Where the Wild Things Are is Too Dark For Kids

The much anticipated but troubled production of the 10-sentence Maurice Sendak children’s story Where the Wild Things Are is a movie which like its story, throws logic out the window. Imaginary adventures and imaginary creatures are the excuse for what is a complete logical and narrative mess of a film.

Given that the book contains only 10 sentences, director Jonze would surely be automatically be given carte blanche to interpret the tale in his own way. No doubt, his film adaptation is darker, but only because adults can hardly follow his line of reasoning.

Max (Max Records from The Brothers Bloom) is a lonely kid. He is sent crying to his room after his built igloo is smashed by his sister’s friends. When his mother (Catherine Keener) ignores him when her boyfriend (Mark Ruffalo) visits, be bites her (I would bite my mother too if she brough a boyfriend home and not serve me dinner) and takes off on a boat to an island where monsters crown him king.

Jonze makes no effort to connect one segment to another. The igloo scene is set in winter. The next scene has all the snow gone and Max running off with some silly animal suit on. And where did the sea come from? Is Max staying in a coastal town? Oh – I must have forgotten that all this is supposedly imaginary. But when does the imagination start? Or end?
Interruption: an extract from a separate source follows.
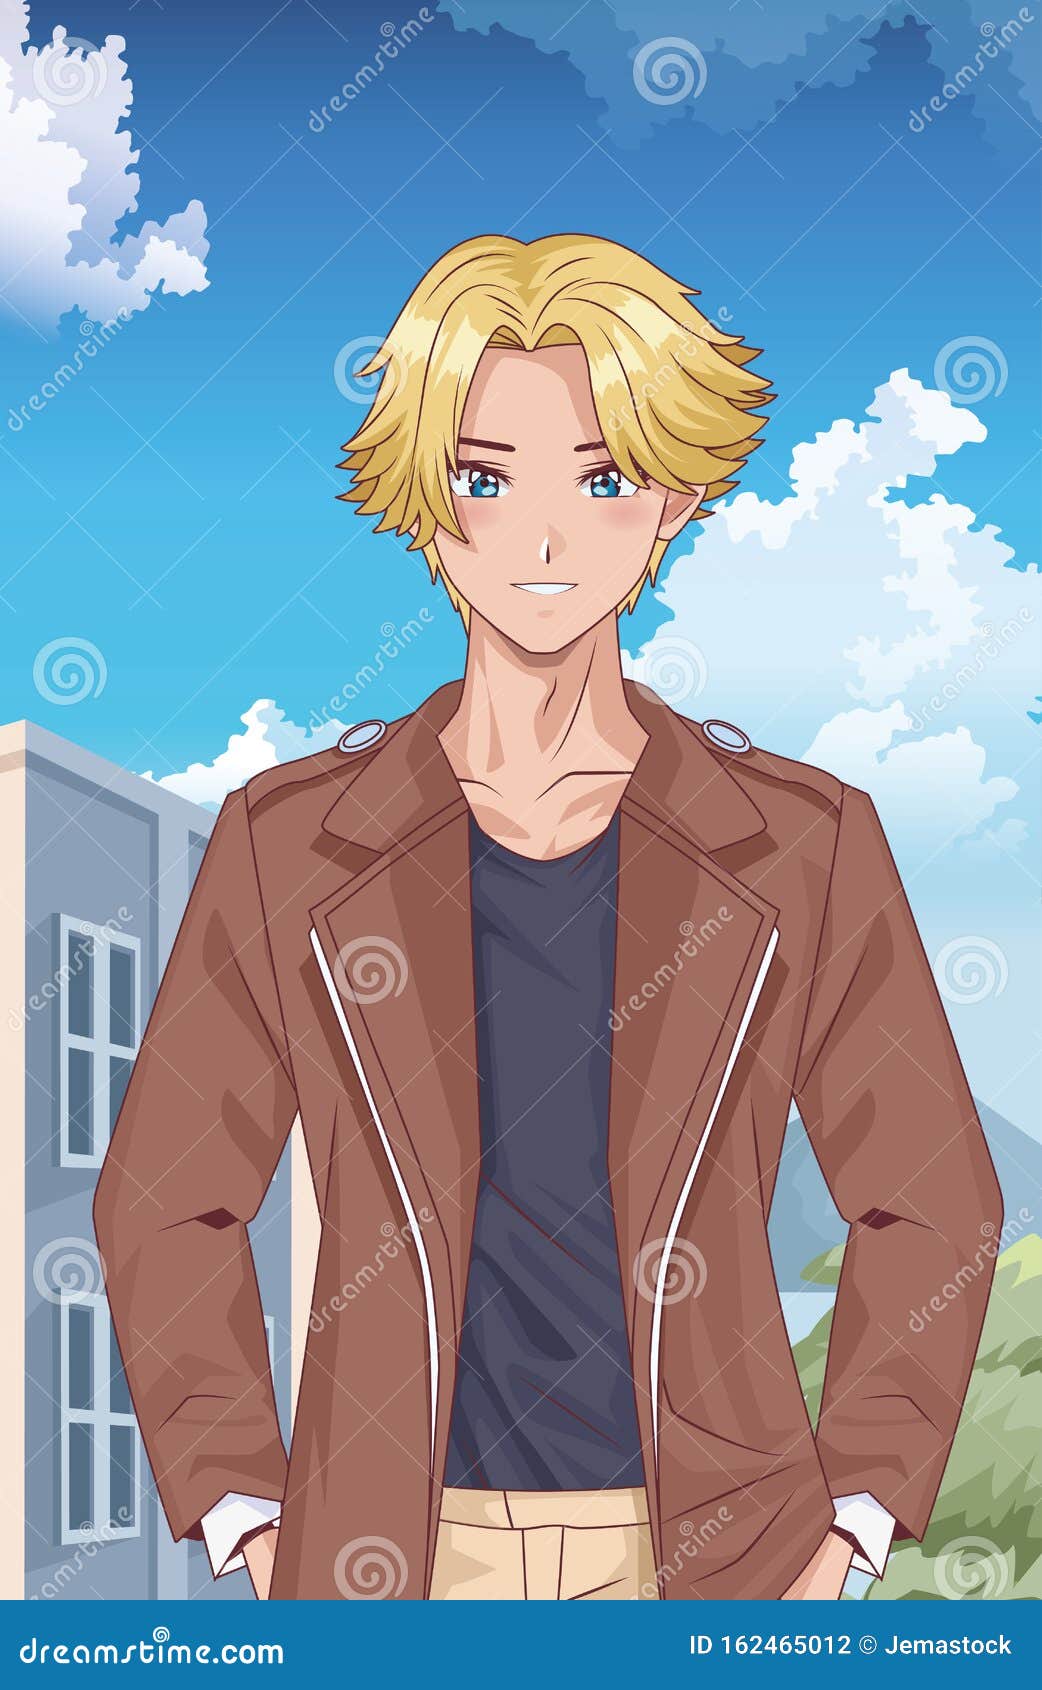 Top 10 Blond Male Anime Characters – Mel's Universe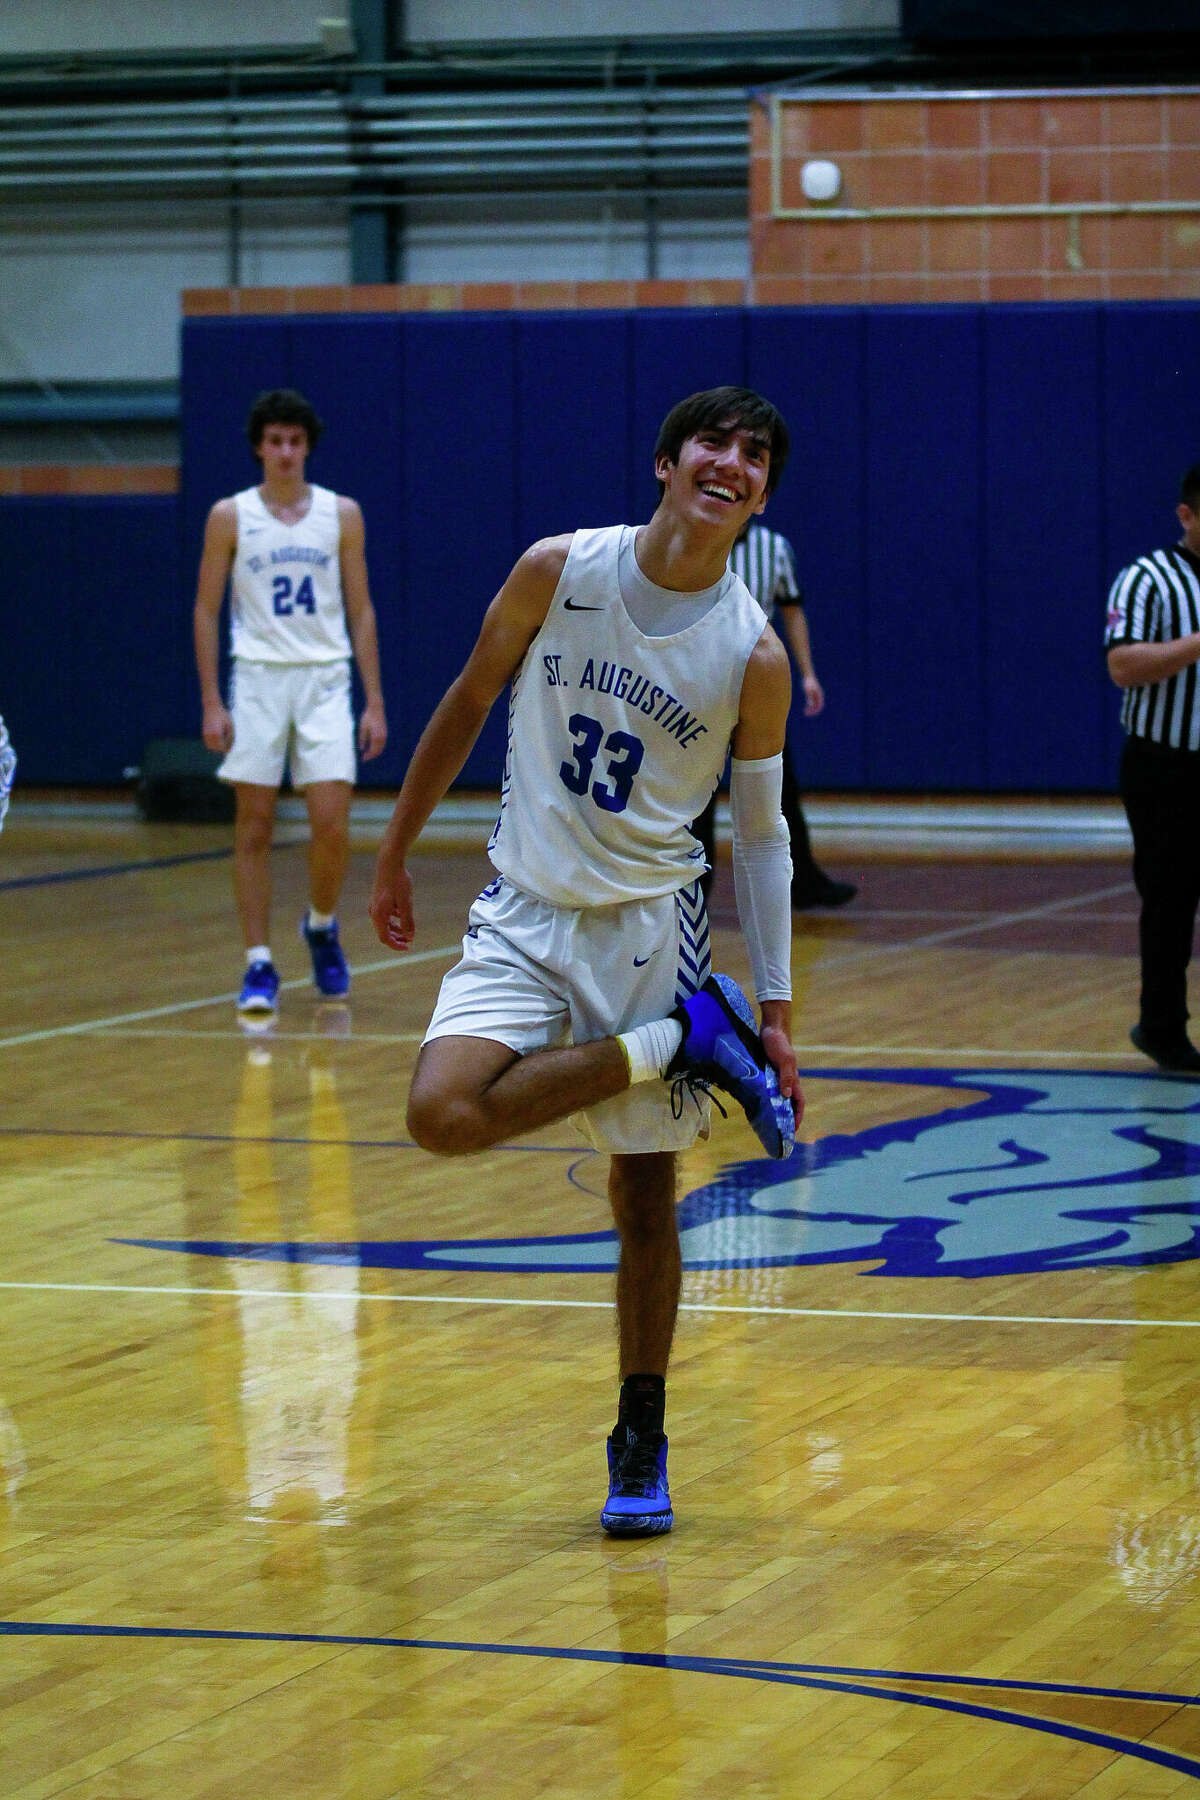 Octavio Benavides scored 20 points as the St. Augustine Knights beat the Cigarroa Toros on Friday.

The handheld camera and annoying music combines to make Where the Wild Things Are look like a patch work which understandably, studios will not want to touch and people may not watch even for free online.

When Max finally meets the monsters, the film really goes downhill. The live action, animations, CGI and other special effects can hardly help at this point. The dust-ball fight that Max and the monsters engage in for no reason is supposedly the high point of the movie. When will it end?

Thankfully, Max suddenly sails home, mother hugs him and all ends well only because he has had some monster adventures. Ugh!